§ **Work required**: Everything in the listing should be set down exactly, apart from the pictures.
*** Opening of Stored data ***
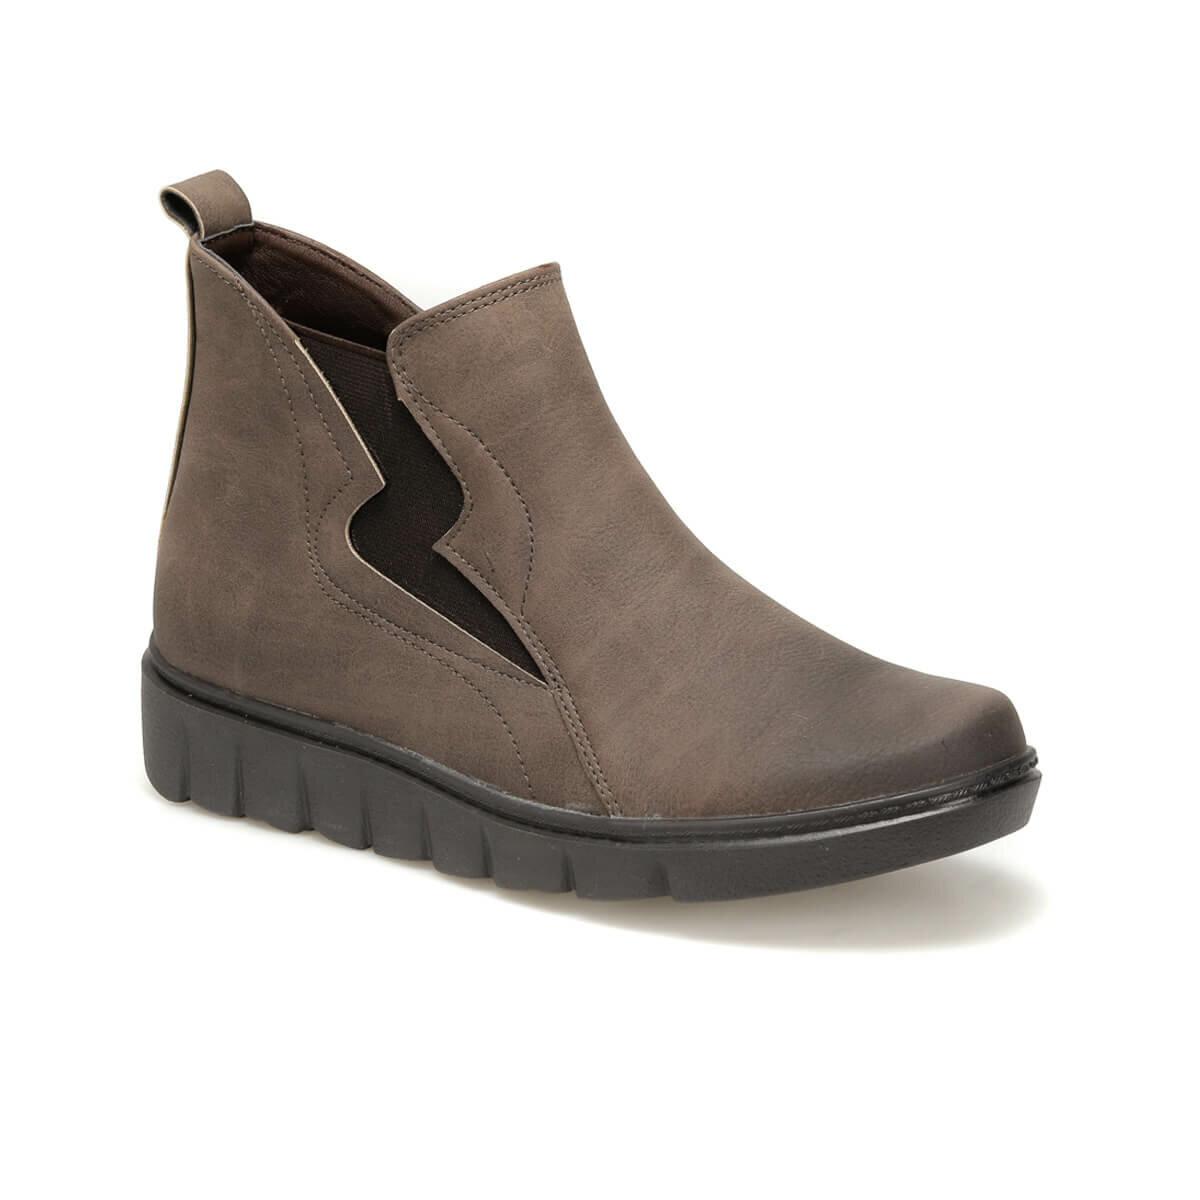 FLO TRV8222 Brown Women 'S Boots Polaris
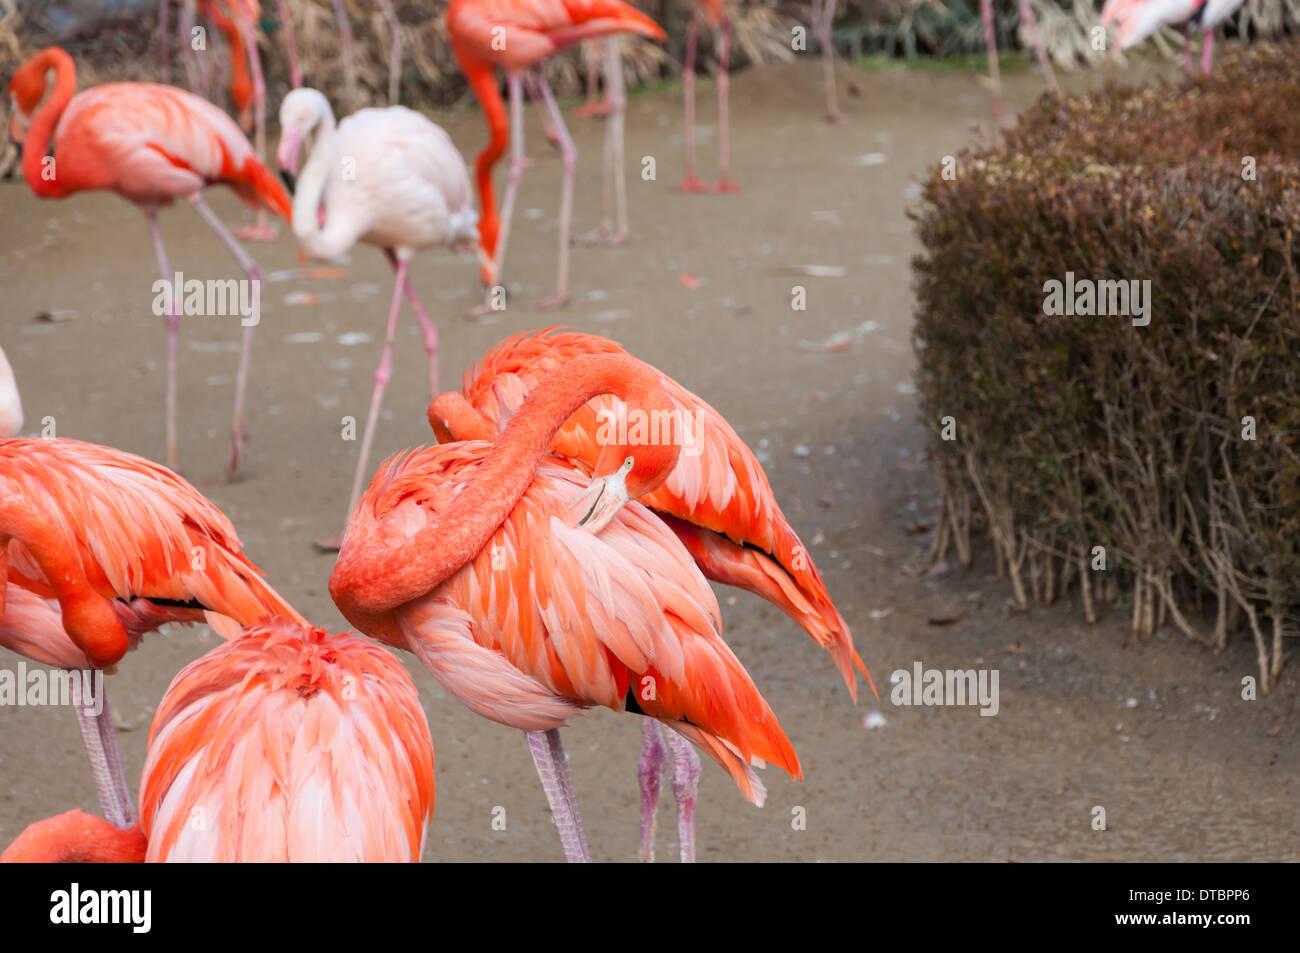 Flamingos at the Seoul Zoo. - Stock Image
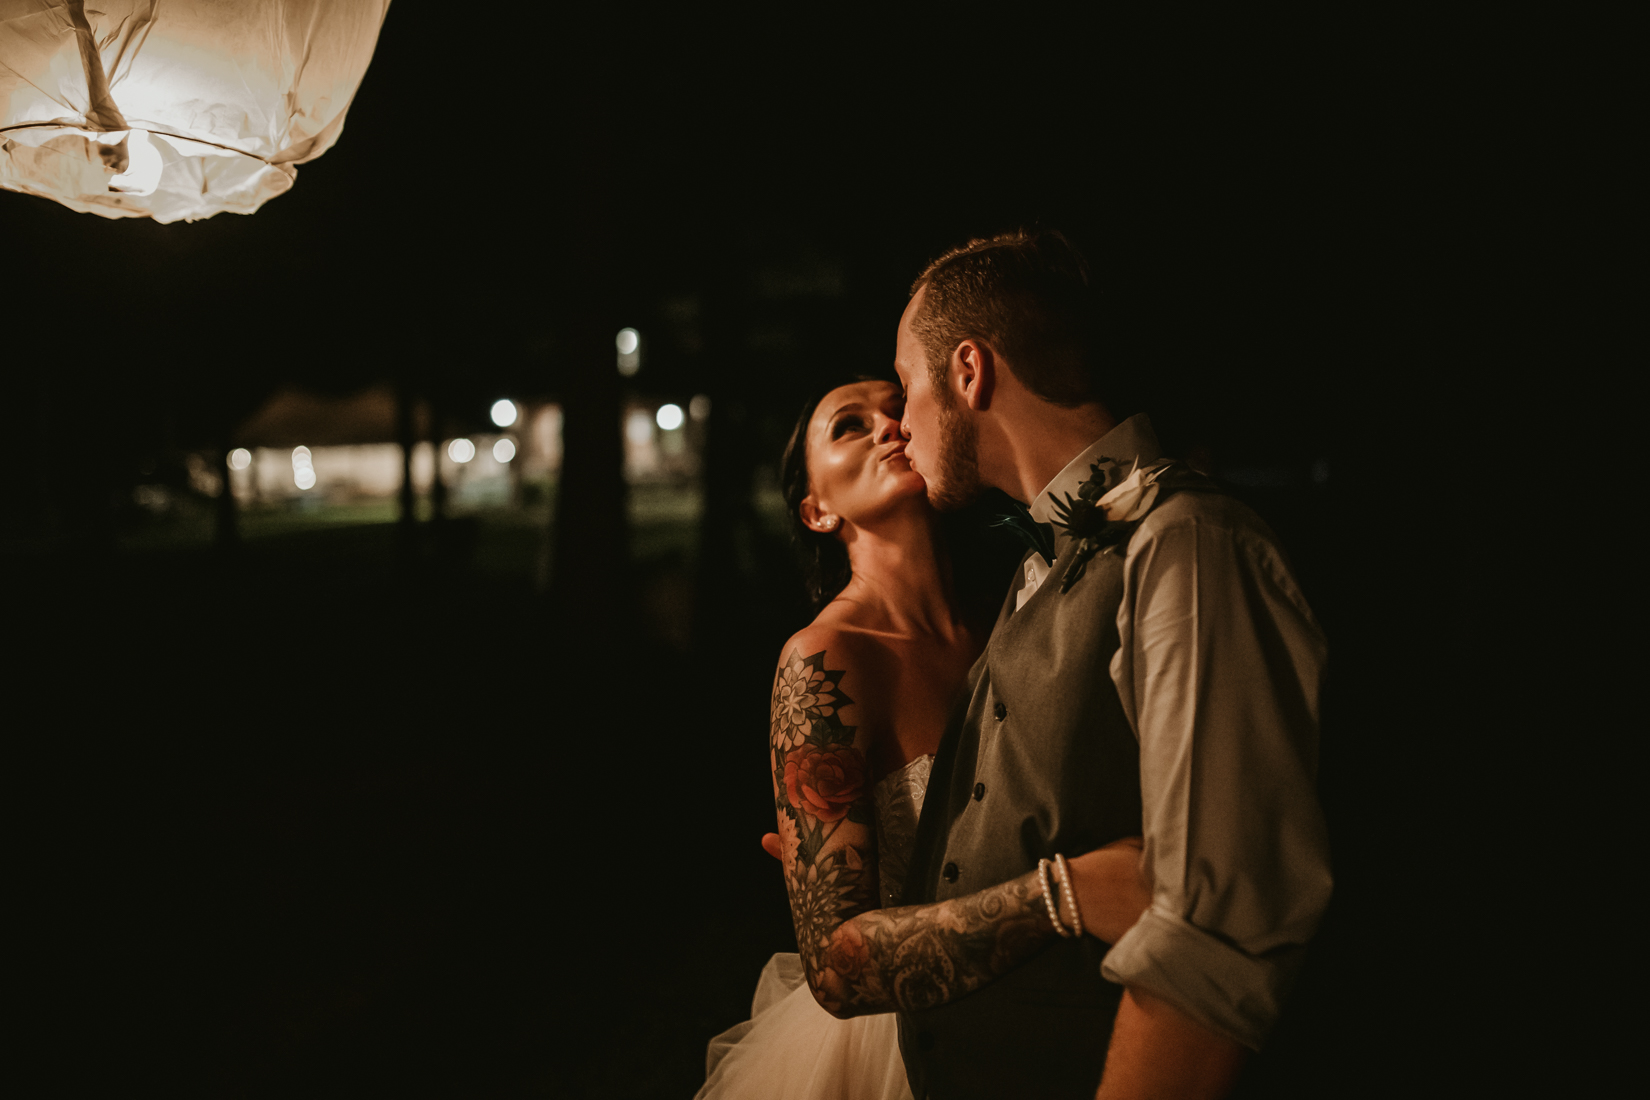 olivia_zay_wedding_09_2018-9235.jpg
*** Close of Stored data ***
§ **Result**:
 FLO TRV8222 Brown Women 'S Boots Polaris
 Flamingos at the Seoul Zoo. - Stock Image
 olivia_zay_wedding_09_2018-9235.jpg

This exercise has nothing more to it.